The Trane xv80 or xv90 is the furnace I belive you are speaking about. If it is a Trane extended warranty it is a great warranty and they are both very nice furnaces. Definatly get the warranty as the parts are very expensive.


----------



## yuri (Nov 29, 2008)

Lennox has had VERY few problems with their variable speed ECM motors. We have installed about a thousand or more in the last 6 years with the G61MVP. They use CompleteCare or Equiguard and their is NO handling fees or hidden costs. 10 yrs warranty no questions asked. Helps to get a annual maintenance as the warranty does not cover dirty flame sensors, dirty condensate traps etc. If the unit is grossly neglected (motor full of dirt) then they will obviously void the warranty.


----------



## ericro (Jan 17, 2009)

Thanks for all the input. The Trane is their highest efficiency model - the XV95. They sized it to our house size (about 3500 SF). The issue we had with the comfortmaker (and don't get me wrong, that thing lasted about 16 years and I've been here 2 and had NO issues with it) is that it wasn't the appropriate size so it likely overworked all winter long. I am in a burb about 40 miles north of Chicago and we had extreme lows the last week (-18 with -40 wind chills). Like most furnaces it was on for a straight 24/36 hours without ever shutting off for more than 2 minutes. I believe it just didn't have the power to maintain the right temperature - it was an 80KBTU unit - we are getting 100KBTU now with the new Trane. 

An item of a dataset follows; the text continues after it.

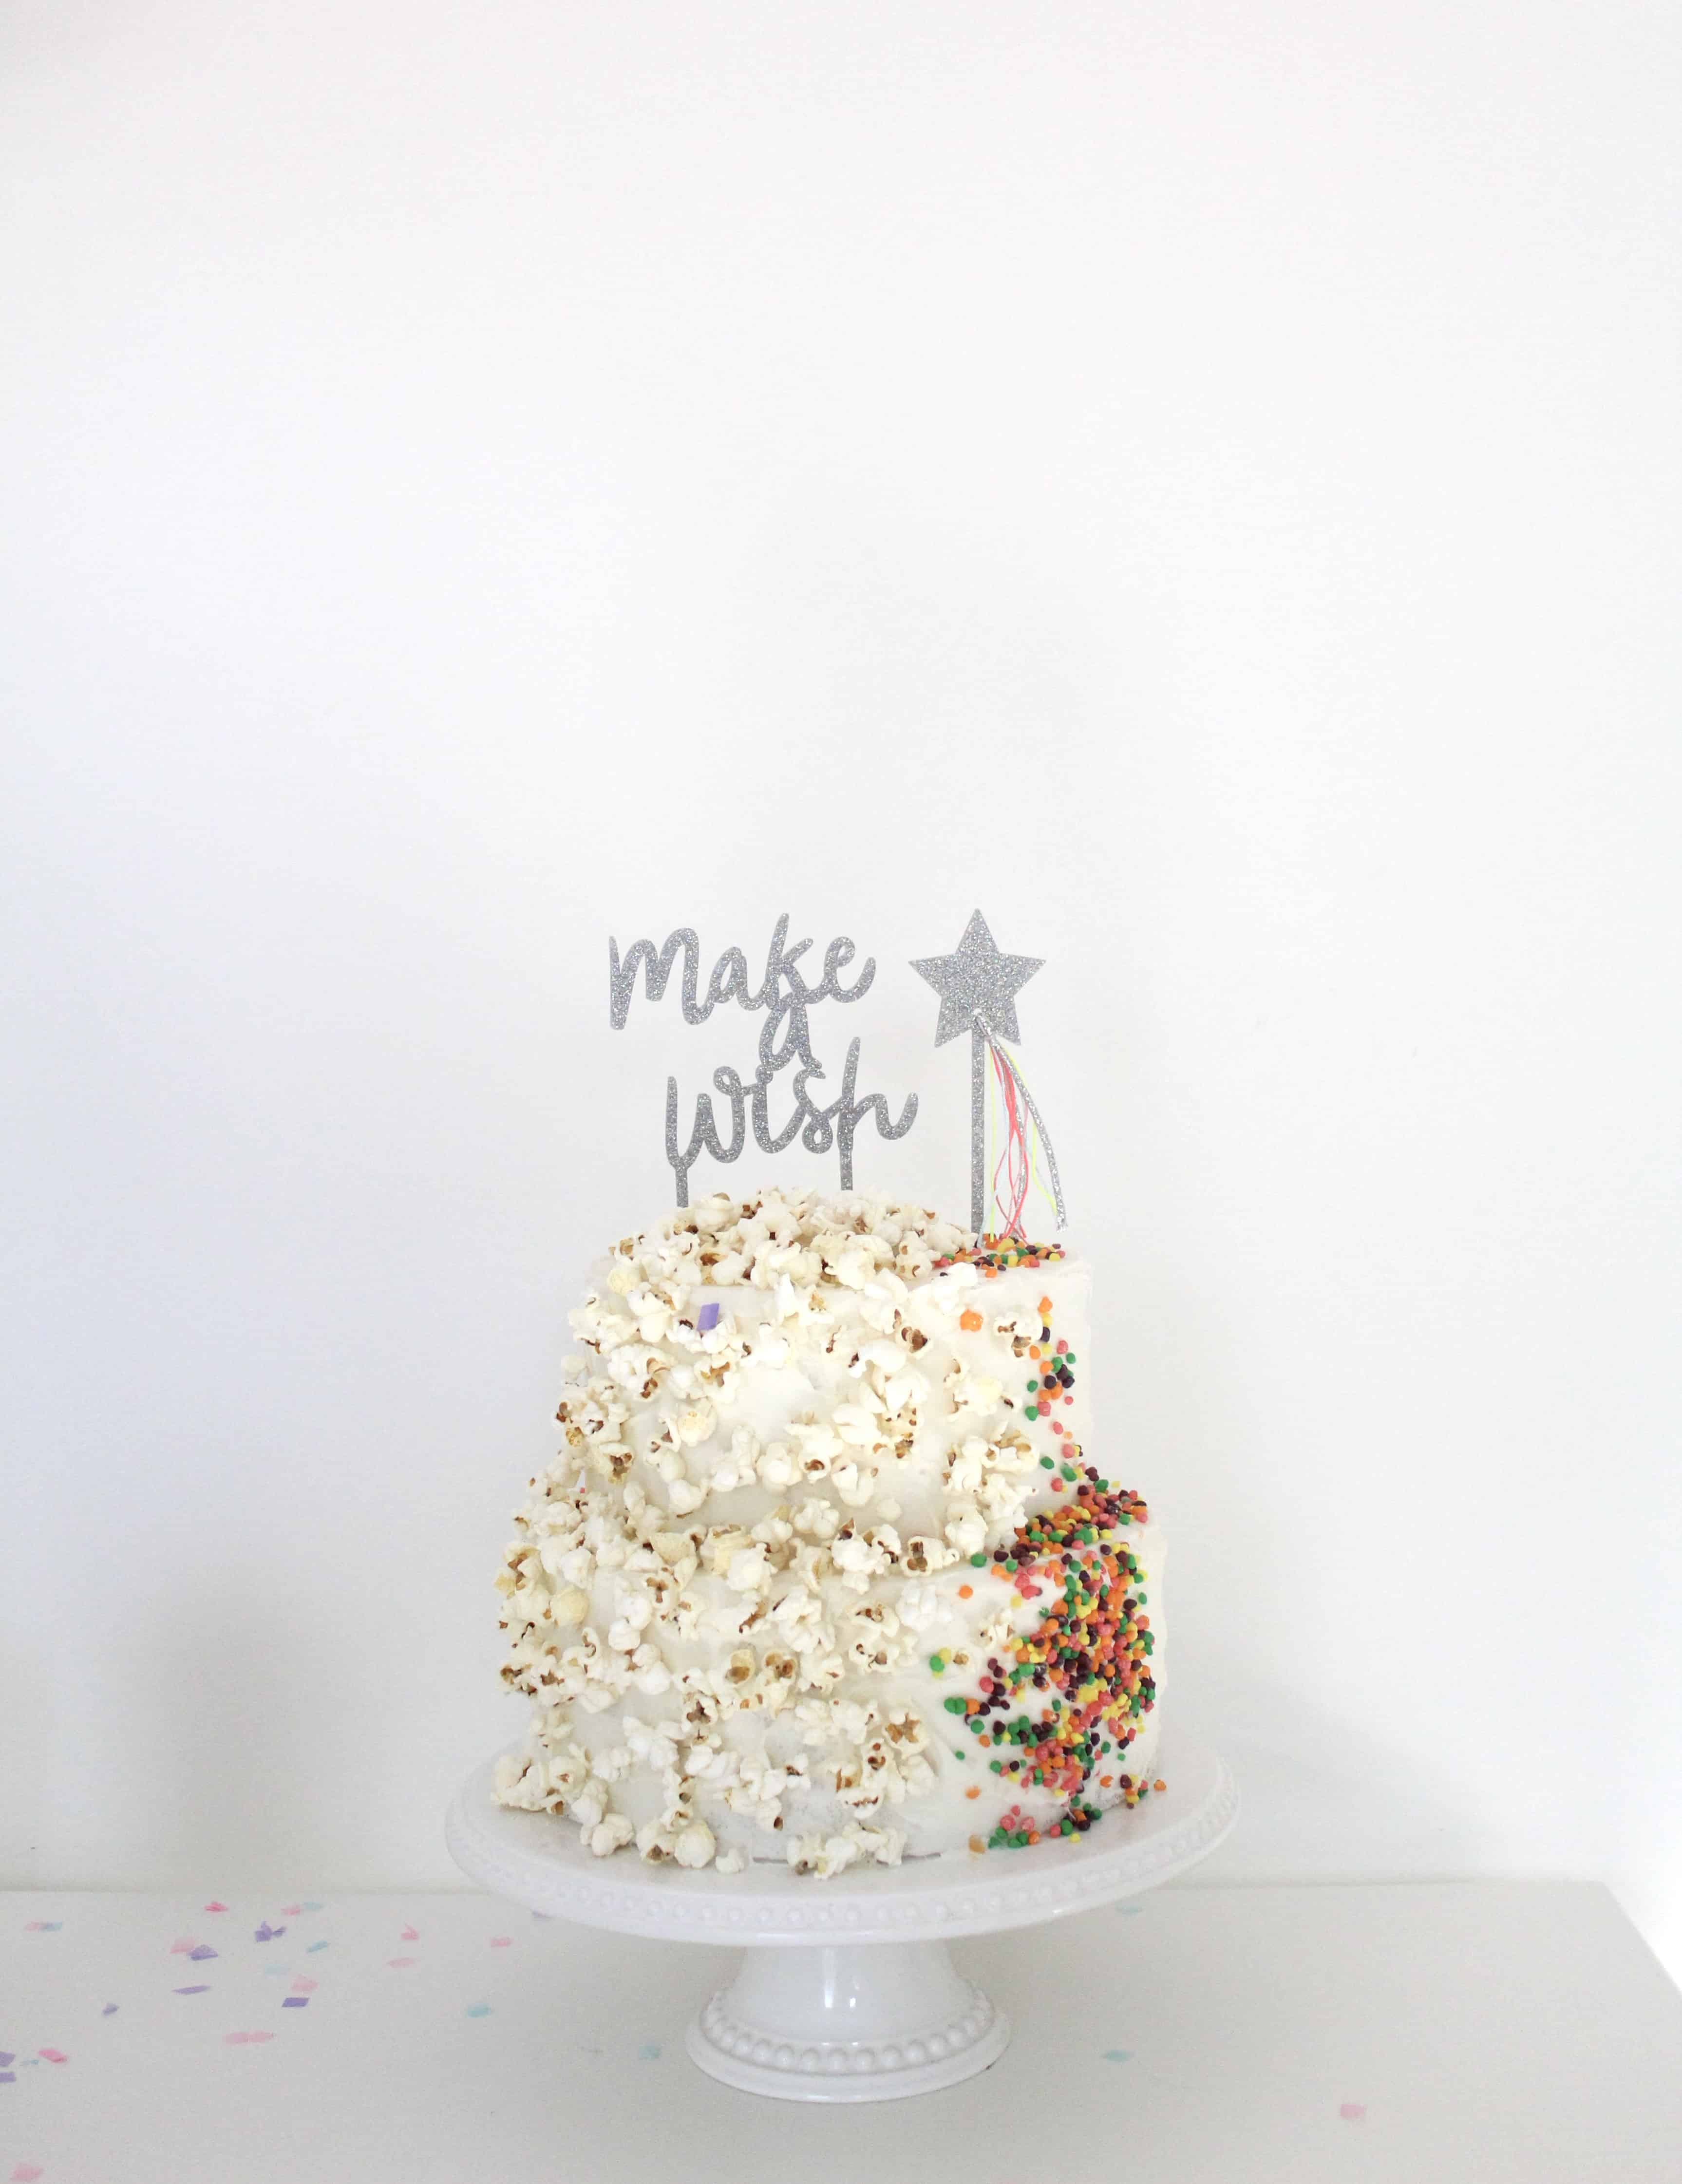 Popcorn and nerds movie themed cake
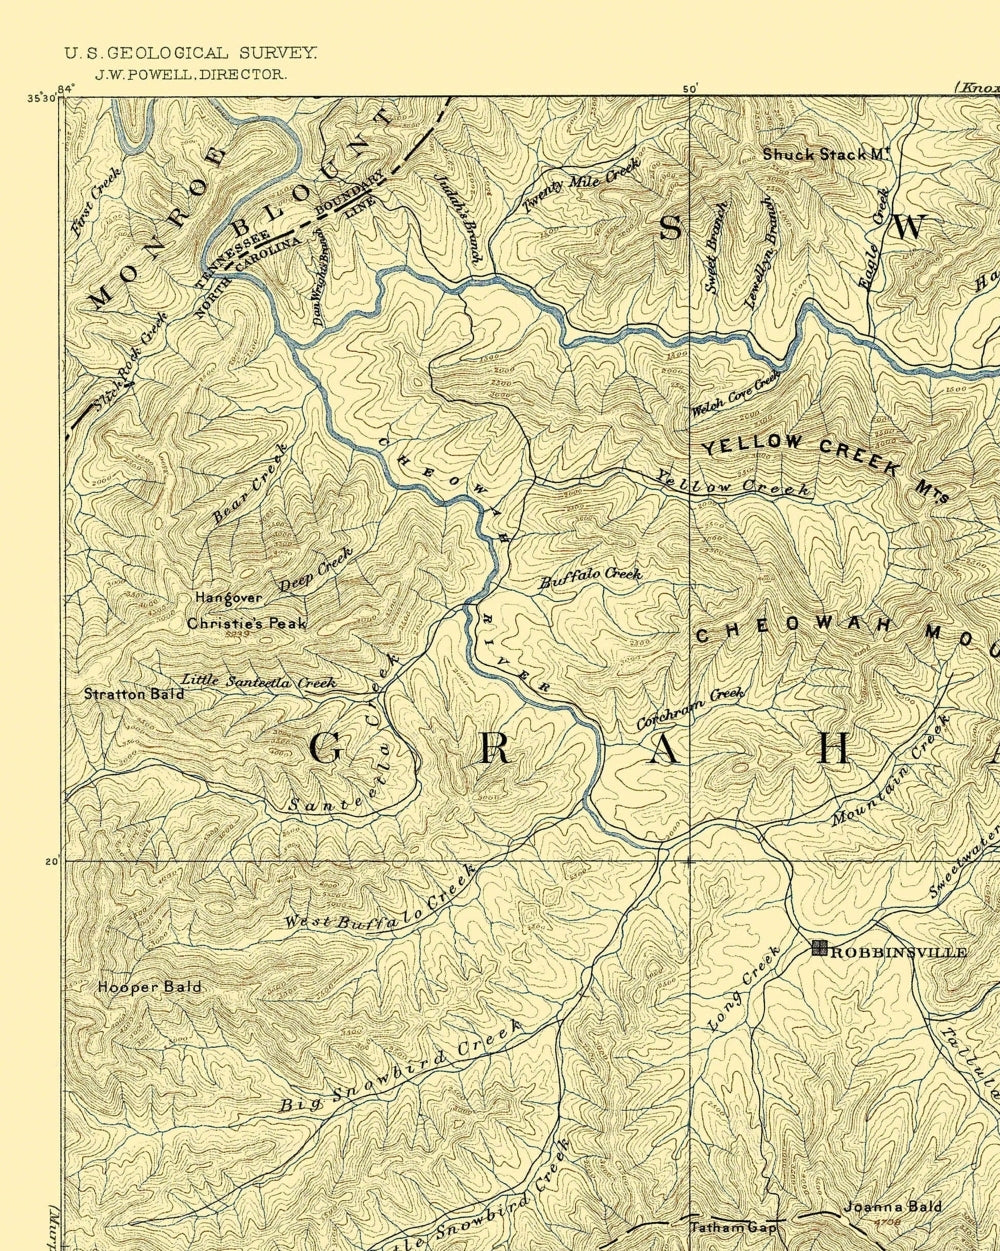 Topographical Map - Nantahalah North Carolina Quad - USGS 1892 - 23 x 28.79 - Vintage Wall Art

I've read reviews after reviews on all new furnaces and have absolutely no bias towards one brand over the other. That said, about all of the forums/reviews I have read pointed towards the Trane or Carrier for a home my size. The Carrier Infinity was paired with the Trane we orderded, but was more costly and apparently harder for the homeowner to program and learn to run. I'm hoping the Trane is not - but I'll let you guys know in about 6 hours once the guys are done installing. 

Someone asked if it was the unit with the PVC - it is - they are installing the fresh air intake and exhaust in a location we both felt made the most sense. It will be a breath of fresh air (no pun intended) knowing we'll be pulling in fresh air when we're locked in our house all winter. Hopefully it will make the air in the house feel less stale.

-eric


----------